• _What you are asked to do_:
Where the data below contains pictures, omit them; output the rest word for word.

• _Source material_:
= = =

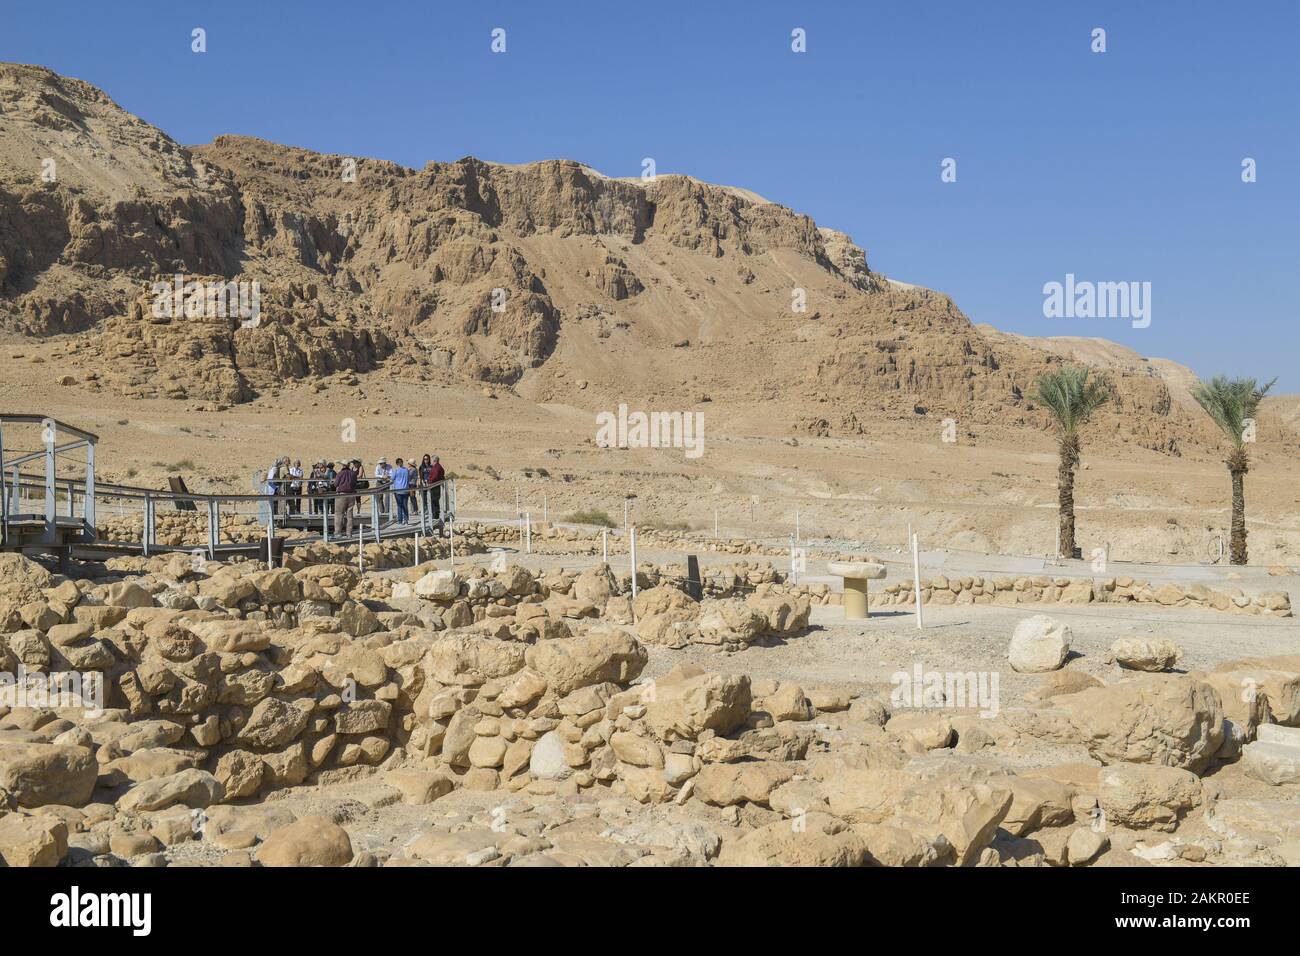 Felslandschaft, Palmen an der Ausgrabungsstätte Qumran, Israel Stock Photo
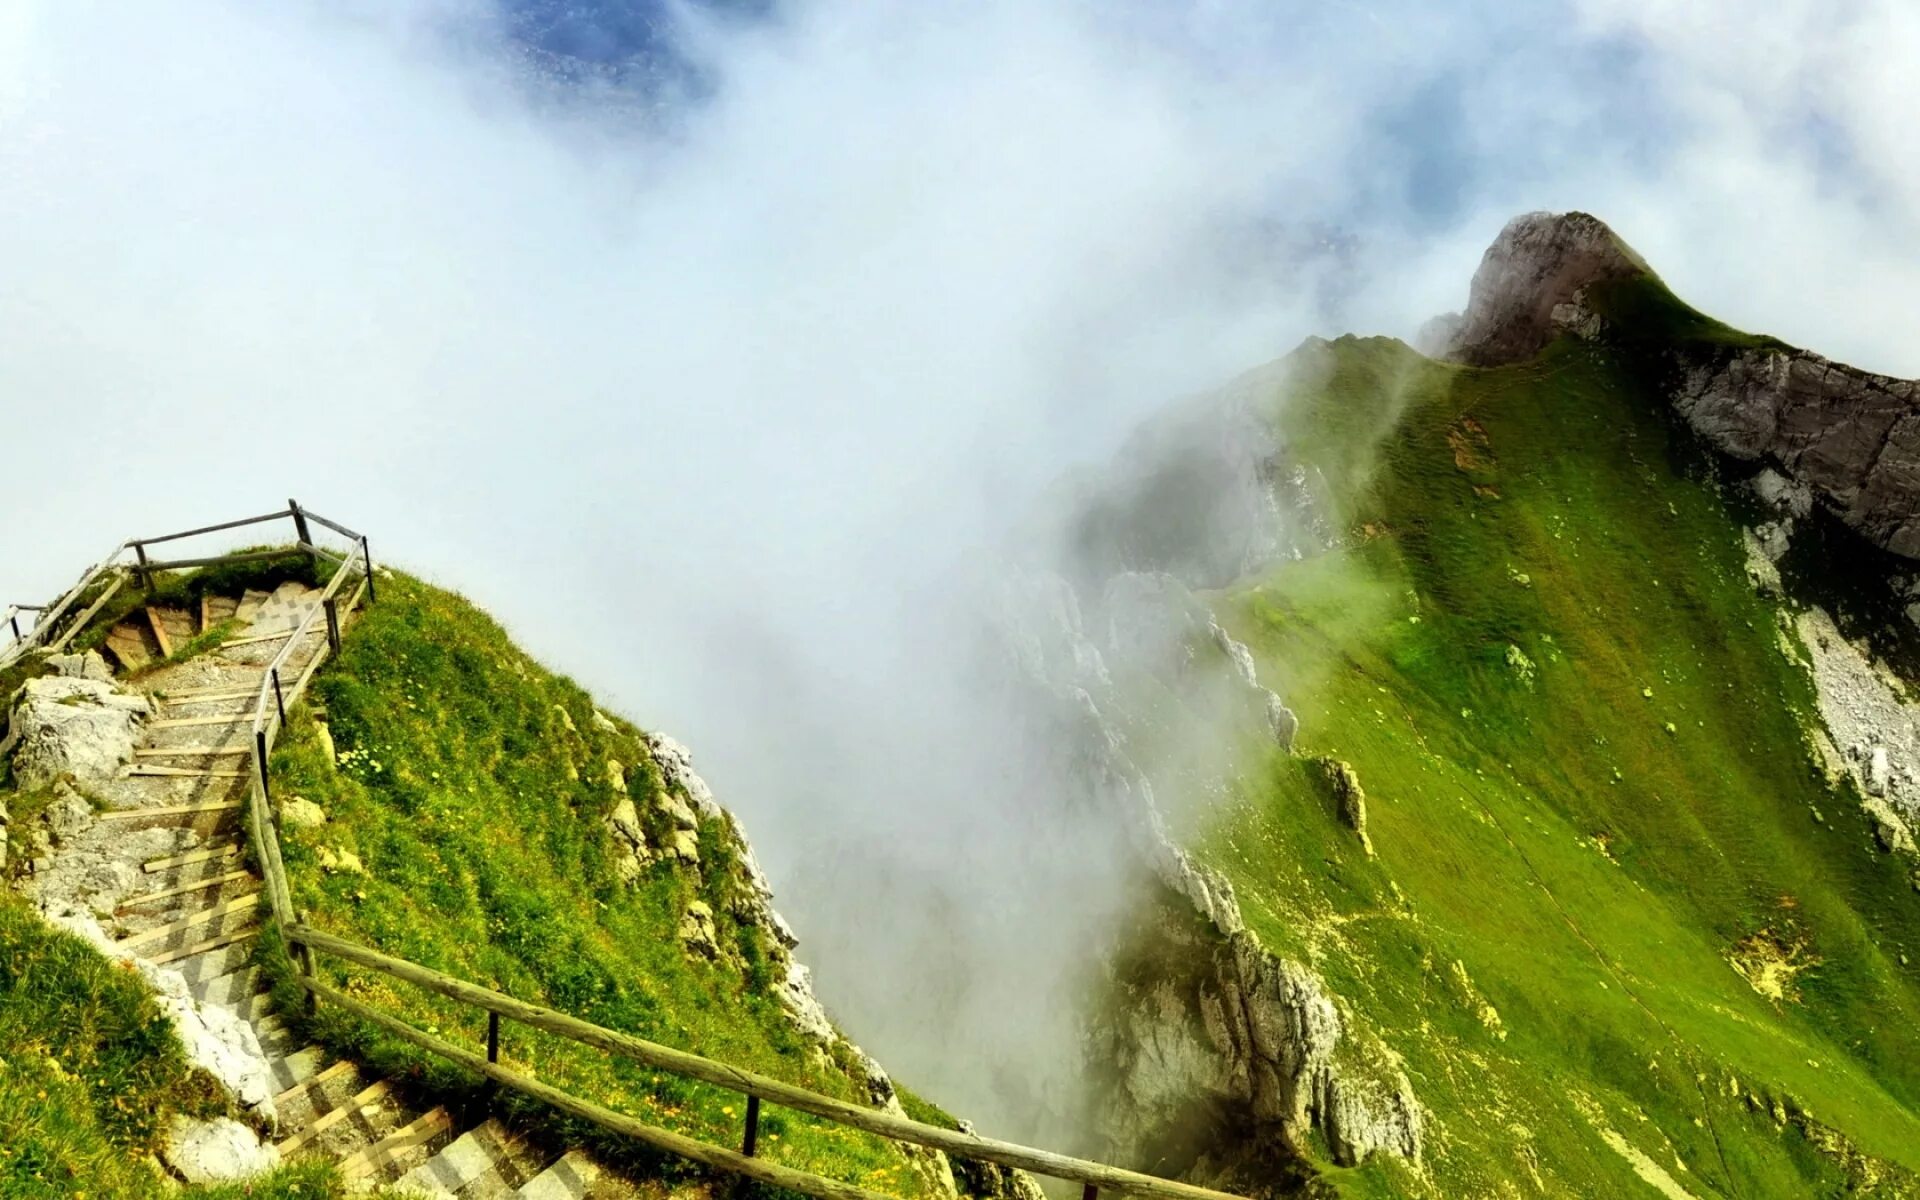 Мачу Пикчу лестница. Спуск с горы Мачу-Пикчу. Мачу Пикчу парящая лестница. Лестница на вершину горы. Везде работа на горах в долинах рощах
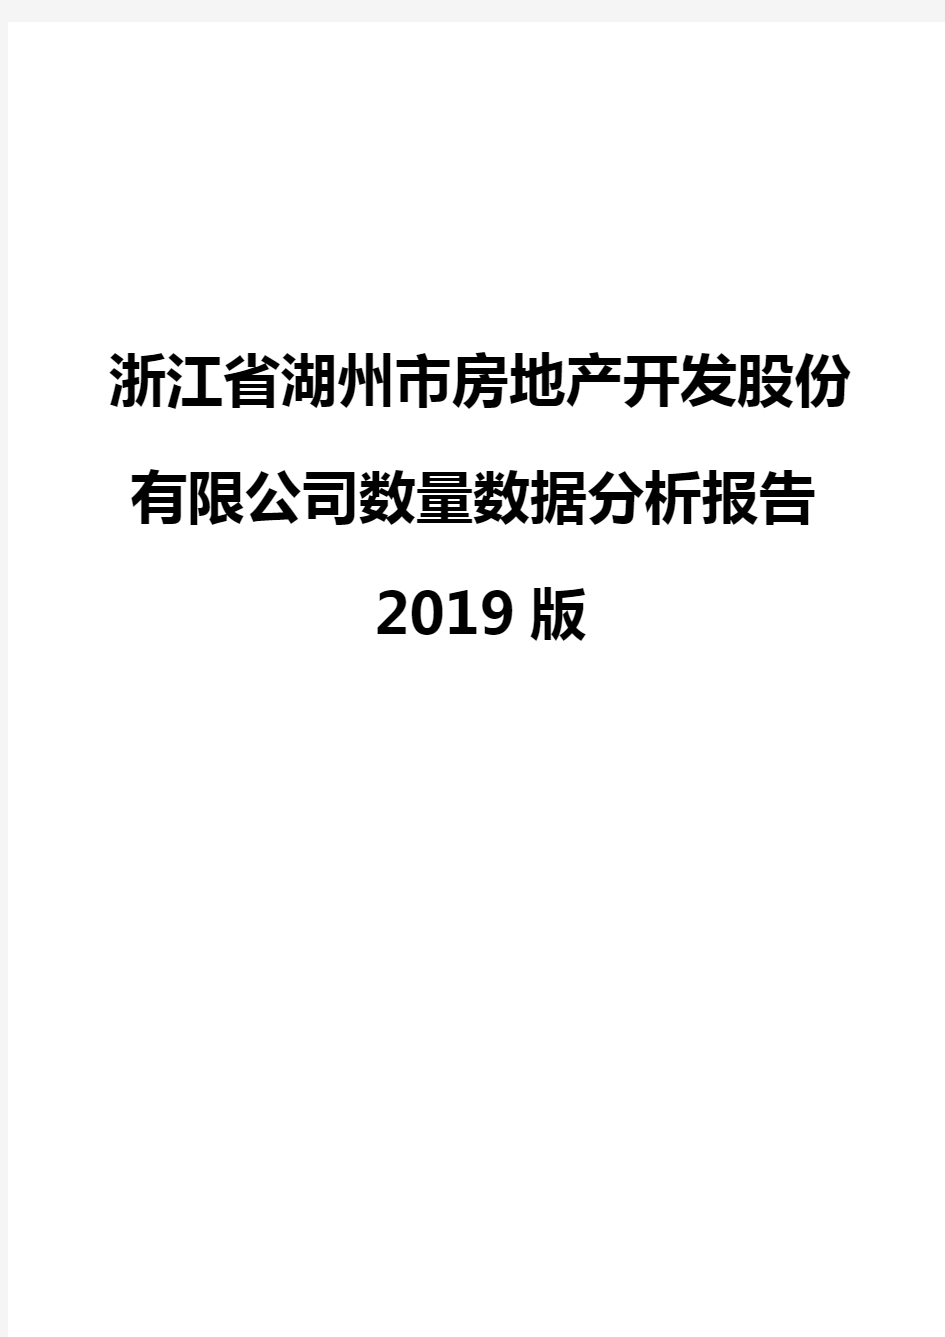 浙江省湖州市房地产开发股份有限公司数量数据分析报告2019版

= = =

• _Exercise response_:
 Felslandschaft, Palmen an der Ausgrabungsstätte Qumran, Israel Stock Photo
 Мачу Пикчу лестница. Спуск с горы Мачу-Пикчу. Мачу Пикчу парящая лестница. Лестница на вершину горы. Везде работа на горах в долинах рощах
 浙江省湖州市房地产开发股份有限公司数量数据分析报告2019版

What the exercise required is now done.